My first book is Terry, a man in his mid-thirties who used to suffer from paranoid schizophrenia. To begin with it's a little surreal to sit with a total stranger and begin throwing very direct questions at them about their personal life - even for a journalist used to conducting interviews.

But Terry is completely unfazed and answers honestly and comprehensively. I consequently discover that his condition began to manifest itself when he was 19 years old, despite having been a cheerful, sporty guy. He became increasingly paranoid and suspicious of people, believing they could hear his thoughts.

"I was terrified all the time," he says. But like the overwhelming majority of paranoid schizophrenics, he wasn't a danger to anyone but himself, and things got so bad that when he was 20 he tried to commit suicide. "I hope that The Human Library challenges stigma," he says. "I help other people with schizophrenia now, and you have to understand that the stereotype to do with this condition increases the stigma, and when people with schizophrenia are confronted with this stereotype - that they're freaks of society - this can have a negative effect on the condition and their sense of being outcasts."

After chatting for half an hour, I thank Terry and go in search of another book.

Admir is a Roma, a nomadic ethnic group now found throughout Europe, that is still subject to enormous prejudice in both the UK and elsewhere. "Have you heard any positive stories about Roma in the media?" he says. I struggle to think of any. "If you just read the negative things you cannot see the human," he continues. "People from all kinds of backgrounds, religions, creeds and colours want to be books in The Human Library so readers get a clearer picture of who they are."

Admir lives in Copenhagen and has been part of The Human Library for ten years.
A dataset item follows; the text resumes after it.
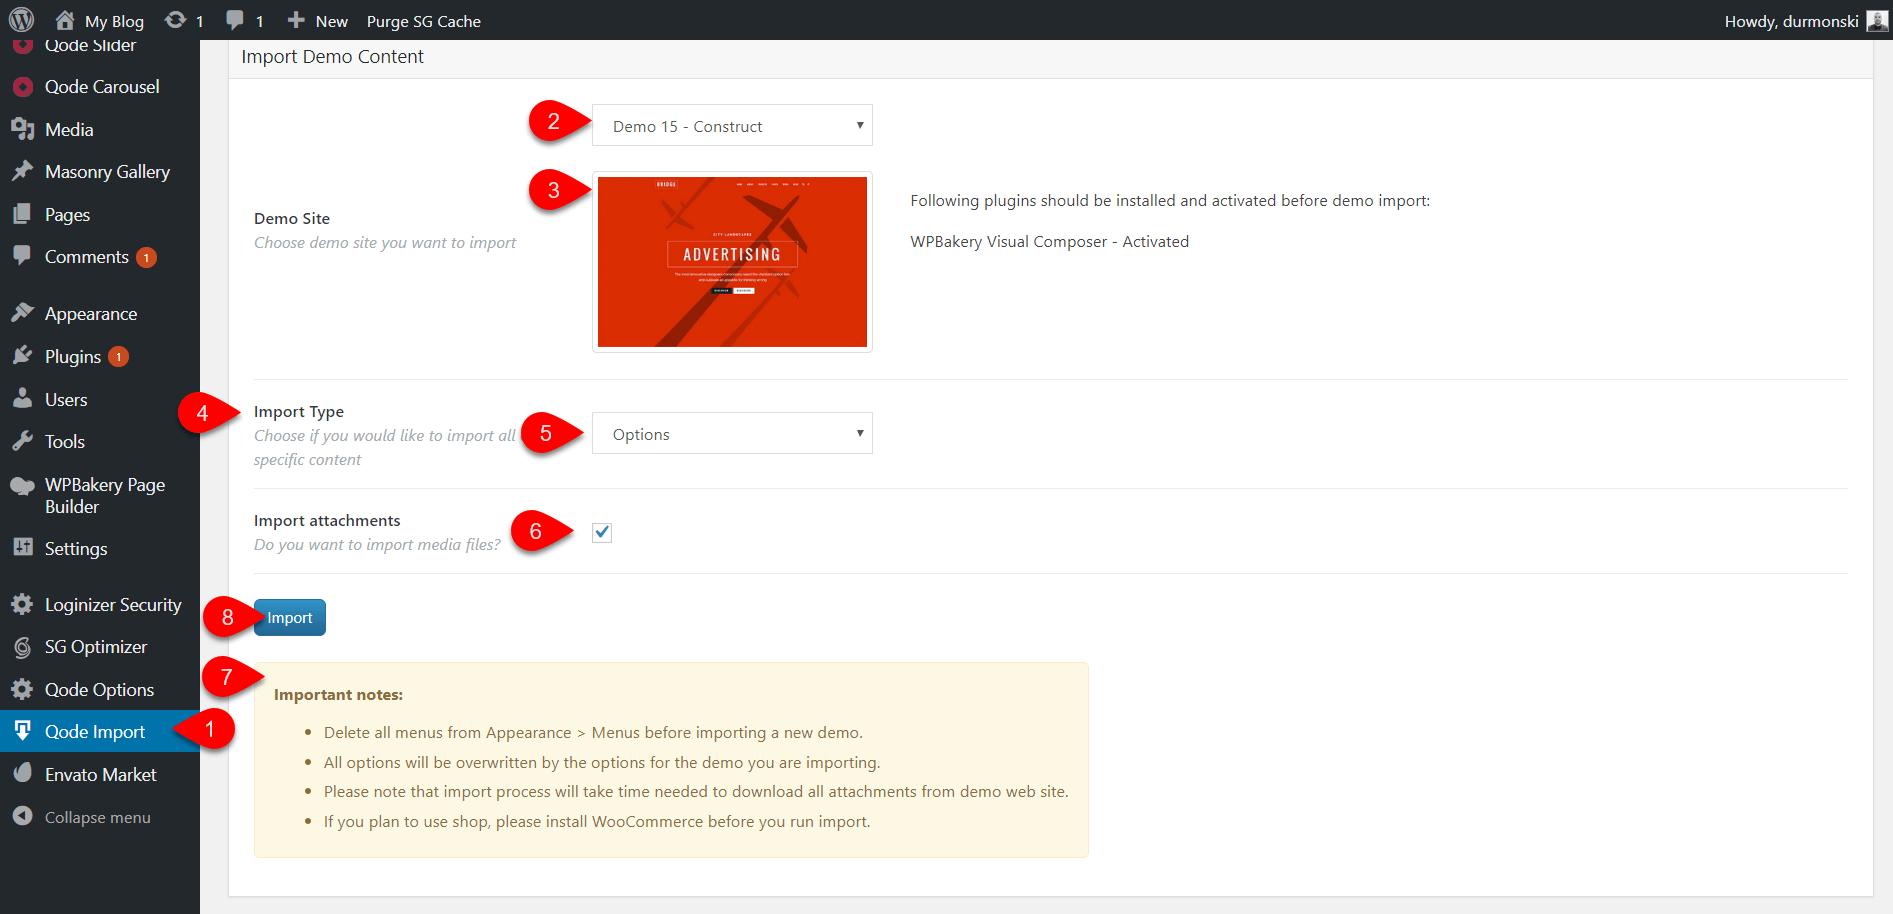 Review of the WordPress theme Bridge 23

He tells me that the Romani people first came out of northern India, that their language is split into dozens of dialects that reflect their migration across Europe and north Africa, that they can be Muslim, Christian, Jewish or even retain Hindu beliefs.

Admir encourages other Danish Roma to be more forthcoming about who they are, to talk about - and be proud of - their history and traditions. "There are around 15,000 Romani people in Denmark but maybe only 100 of them are willing to say they are Roma to outsiders," he says. "The thing is to be open, don't be afraid."

When I eventually left The Human Library I was buoyed up on an emotion that seems pretty thin on the ground at the moment - optimism.

At a time when Brexit and Trump have created fracture and division, when the political line is changing in Europe, when much of the media irresponsibly employs 'with us or against us' rhetoric in the face of complex social questions, and where the internet exacerbates these issues with echo chambers, fake news and trolling, The Human Library is a timely and necessary reality check.

In a very practical way, it shows us that if we make the effort to listen to and understand people, we quickly begin to see beyond our own world and the fact we are united in more ways than simply being human. This is a truth as old as we are, and it's one The Human Library reminds us of again and again.

The Human Library is currently working with Heineken in the UK to inspire everyone to celebrate diversity, open their world and focus on what unites us, not what divides us.